= Sodalit Family =

SCV associates

The Sodalit Family is the group of people, institutions and works that are associated with the spirituality that has arisen from foundation of the Sodalitium Christianae Vitae (SCV).

In the history of the Catholic Church there have been many spiritual families which have arisen, each with a specific style and charism that have responded to the specific needs of their time. The Sodalit Spirituality is a new ecclesial initiative coming from the Second Vatican Council.

All those who participate in the Sodalit Family do so personally, and therefore any member of the Church may do so, regardless of age. Its members are those who seek to live the Sodalit spirituality.

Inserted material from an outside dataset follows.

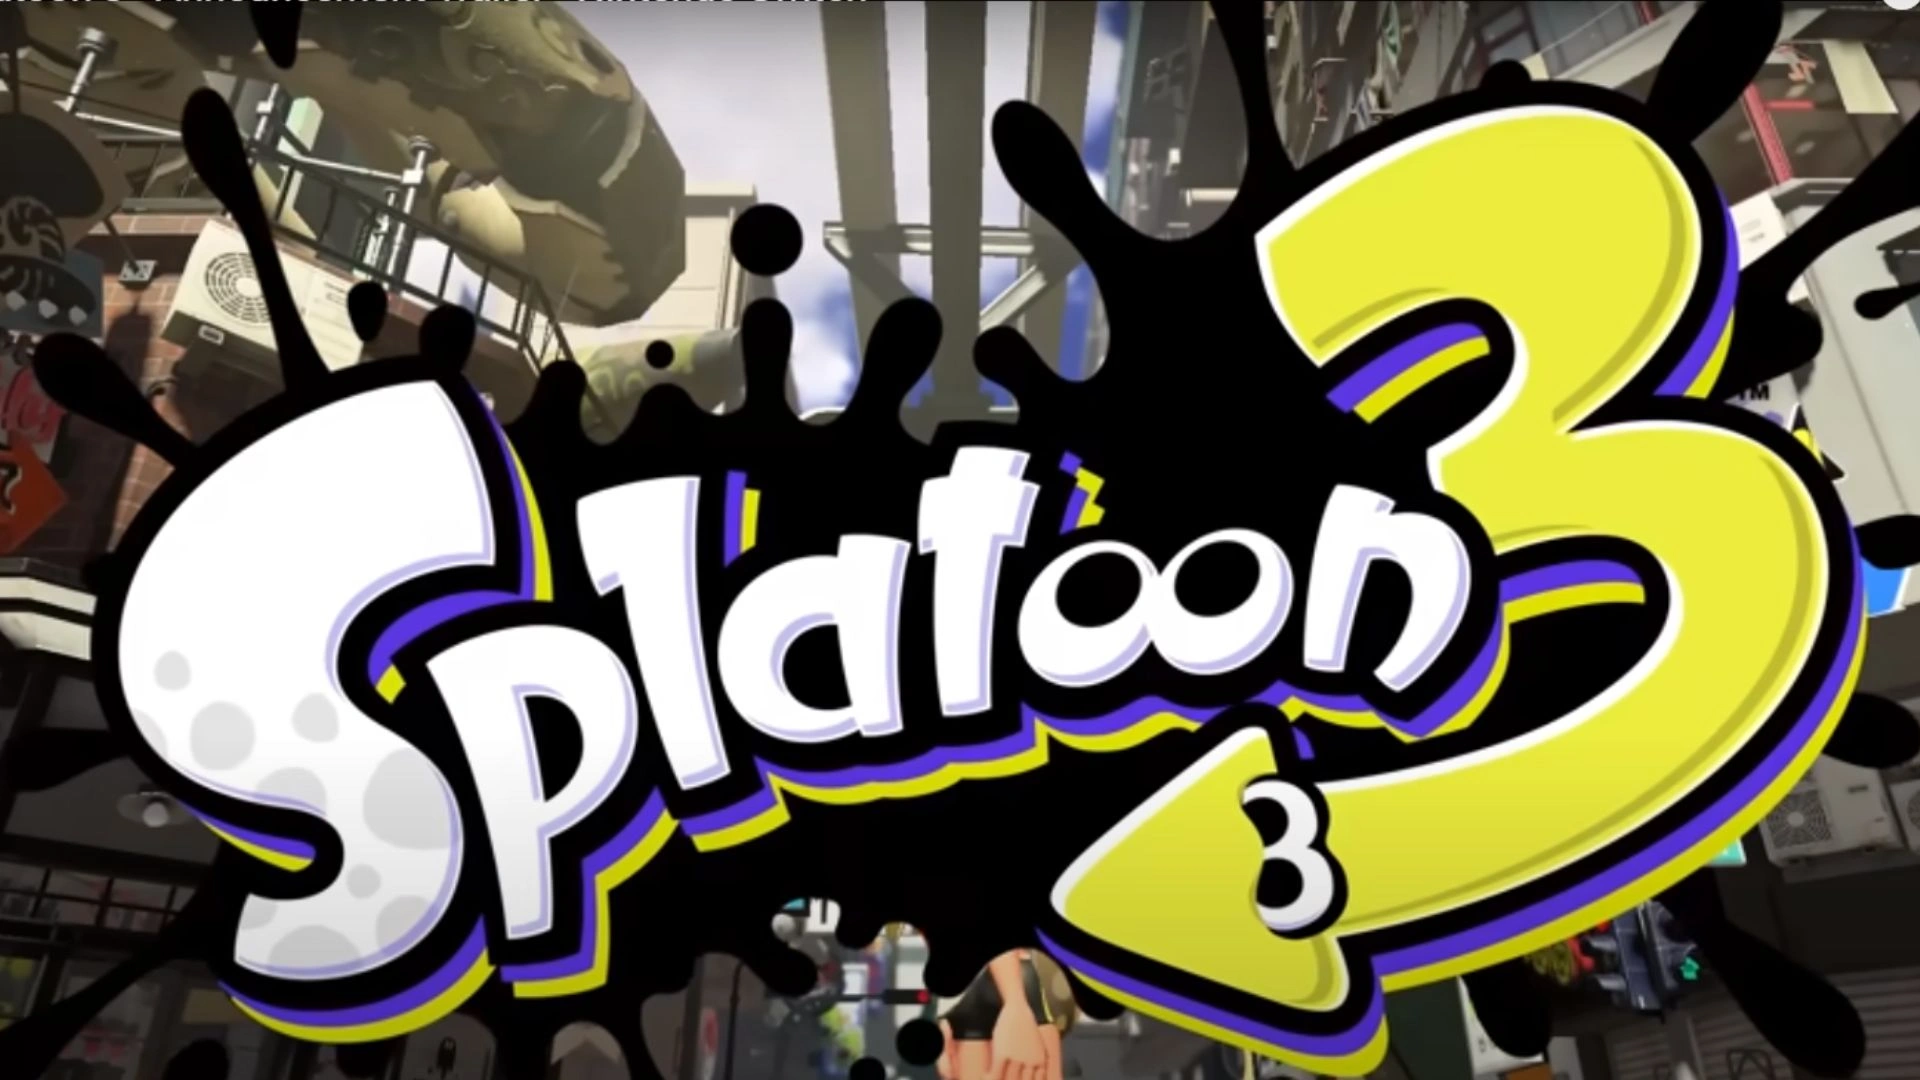 Splatoon 3 Parents Guide and Splatoon 3 Age Rating (2022)

Following investigation of sexual and psychological abuse of members, including children, of the Sodalitium Christianae Vitae by its founder, Luis Fernando Figari, and other Sodalites, and Figari's expulsion, there were calls for the suppression of the SCV.

== Members ==

Members of the Sodalit Family form part of different associations:

- Sodalitium Christianae Vitae
- Christian Life Movement
- The Servants of the Plan of God
- The Sorority of Our Lady of Reconciliation
- The Association of Mary Immaculate

The Sodalit Family is also made up of those who actively participate in the numerous activities and projects that have come about from the Sodalit Spirituality.